I thought of this question randomly today while thinking about improvements I can make to my dissertation. Oddly, even though I have been studying compressive sensing for almost a year now, I have never thought about this question, nor do I recall seeing any results in the literature or in Foucart and Rauhut's text.

It seems almost immediate intuitively that the answer to this question is ``yes'' given that the problem involves vector spaces that are not infinite.

The linear algebraic interpretation, and my attempt at an actual proof, is that all minimal support solutions to, say, the consistent system $Ax=b$ where $A \in \mathbb{R}^{3 \times n}, b \in \mathbb{R}^3,$ $3 < n,$ are represented by taking any triplet of $n\choose{3}$ columns and row reducing the system to turn these columns into identity columns -the order of appearance of the identity columns in the modified system won't matter, and if the columns are dependent, at least one variable is free; the minimal support solution will set any coefficients of $x$ matching the indices of any free variables, and all the other $n-3$ elements of $x,$ to zero. Therefore $|X| \leq $ $n \choose 3$ $<\infty$.

This spells out the geometric intuition that drove me to my quick answer; a line, plane, or the whole space $\mathbb{R}^3$ (which can be representative of $x$ if $\|x\|_0 \leq 3$) must cross a unique point with lowest weight somewhere (corresponding to setting free variables to zero after reduction of my system to exchange my three column choices with identity columns).

I did not use any properties unique to real fields, nor did I use the particular row rank of $3,$ having merely assumed that $3<n,$ so it seems like I can rewrite the above argument for a comprehensive proof.

I am still uneasy with this line of thinking for some reason.
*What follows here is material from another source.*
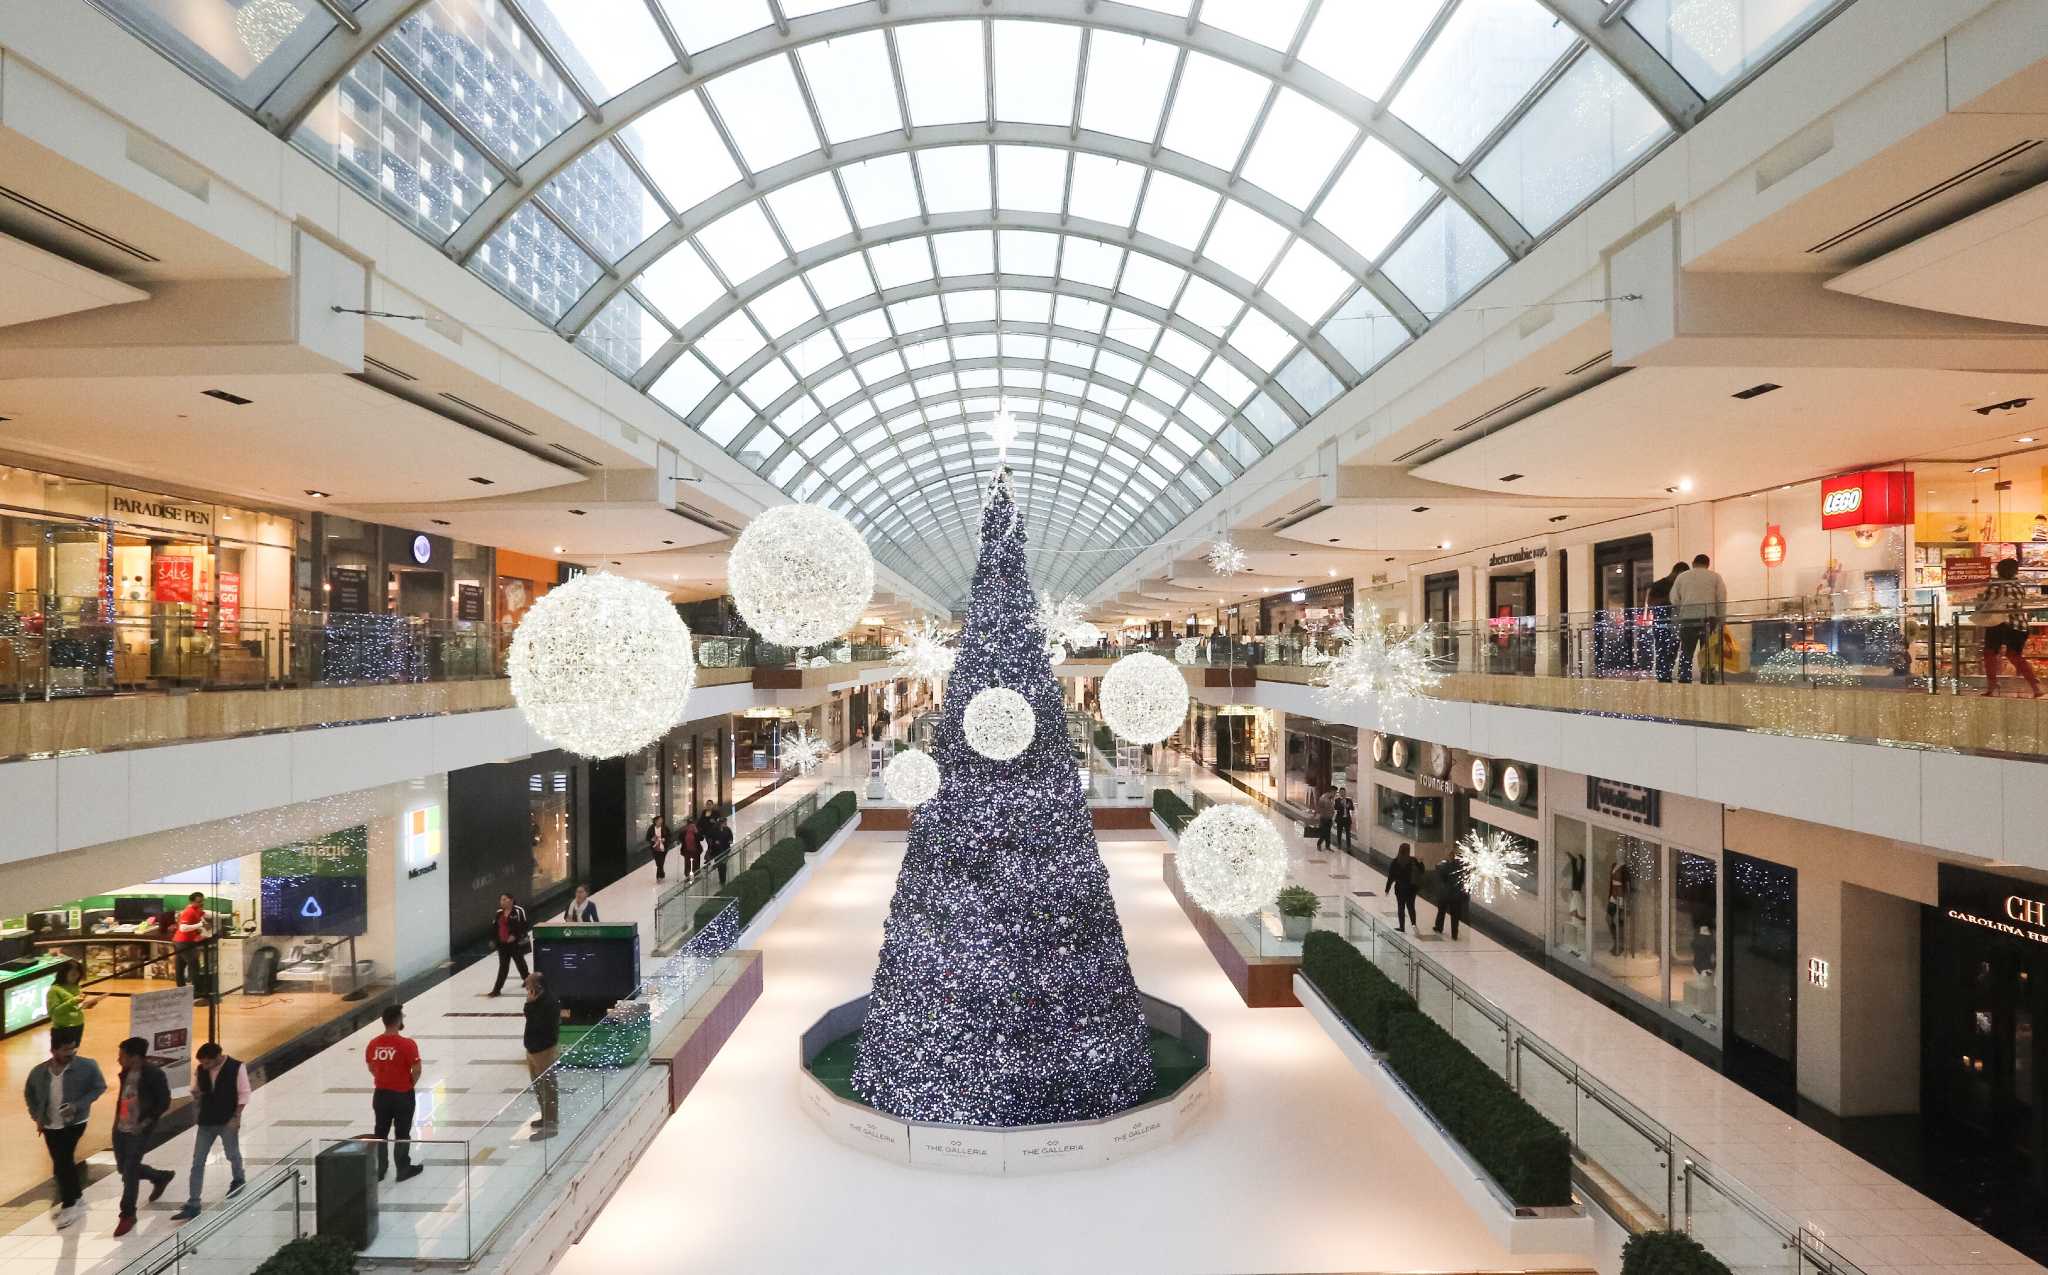 The Galleria mall announces 5 new retailers
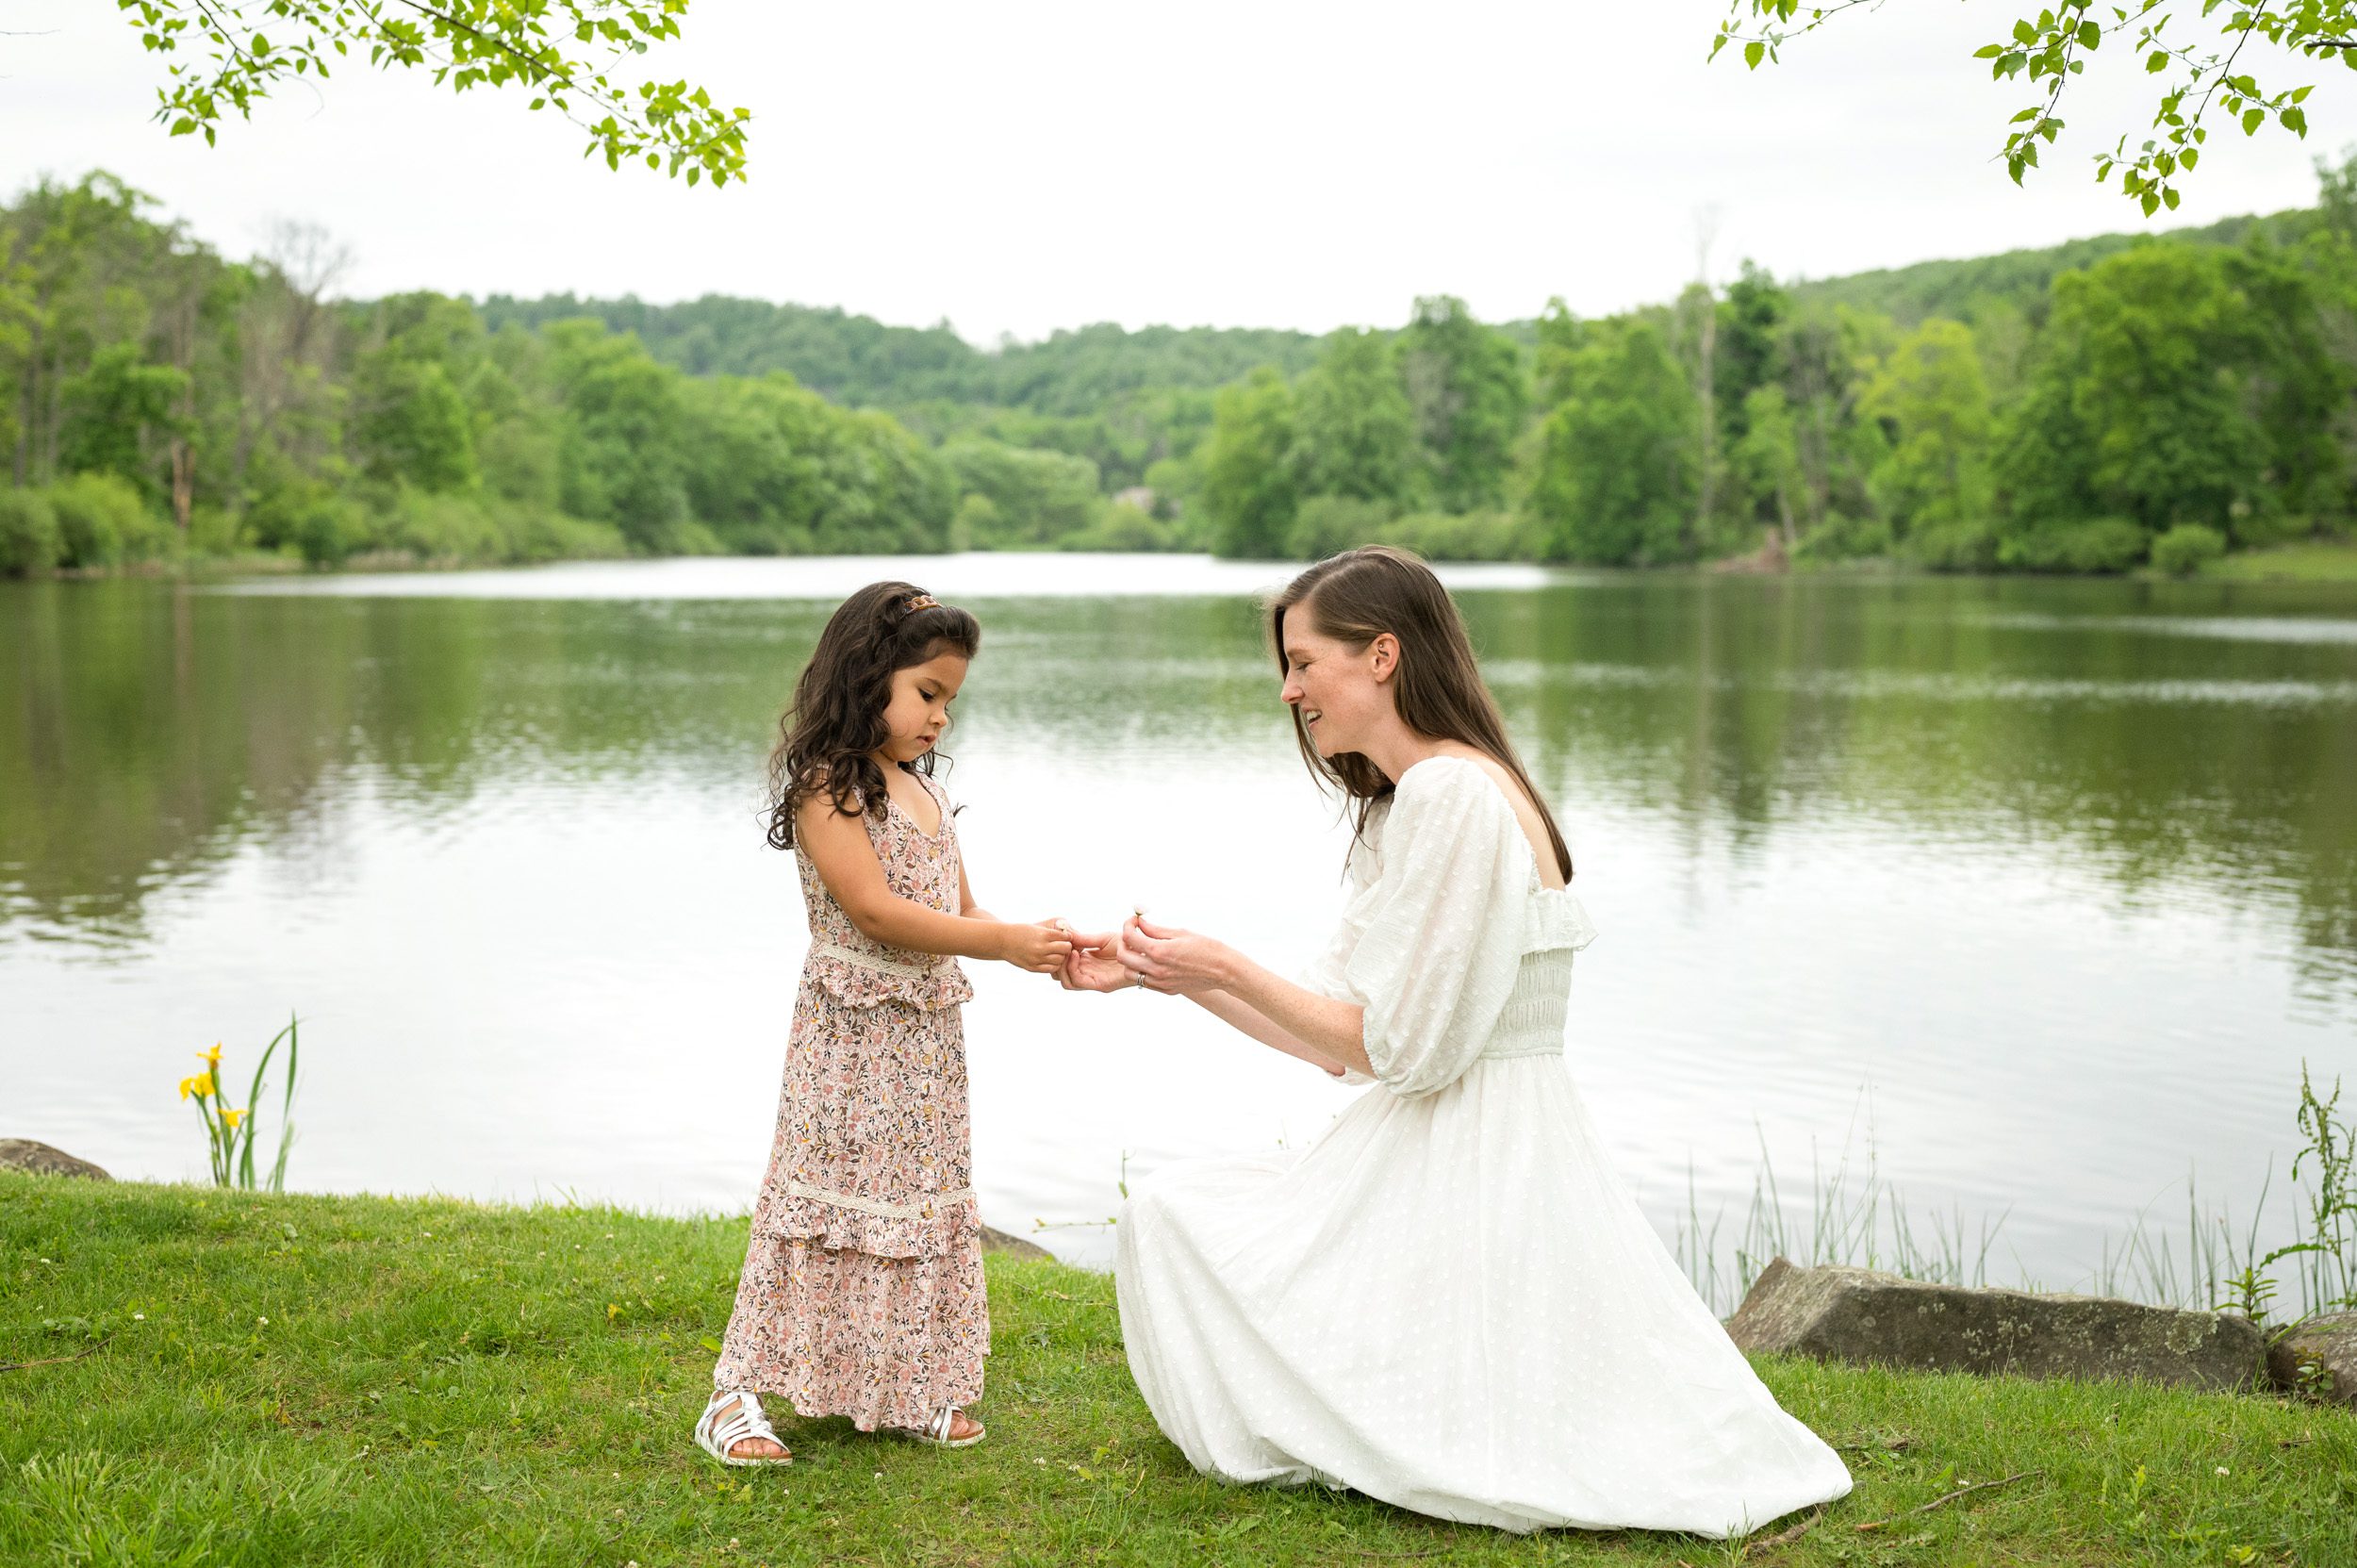 A young girl handing her mom a flower during a pottstown family photo session

I feel like there is either a much more elegant, simple, and direct formal proof, or else a glaringly obvious counterexample (perhaps over $\mathbb{C}$) that disproves this conjecture.

I apologize ahead of time if this question is too trivial for this forum, but I felt this belonged here rather than on Mathematics SE, as compressive sensing seems to be at the research level in general.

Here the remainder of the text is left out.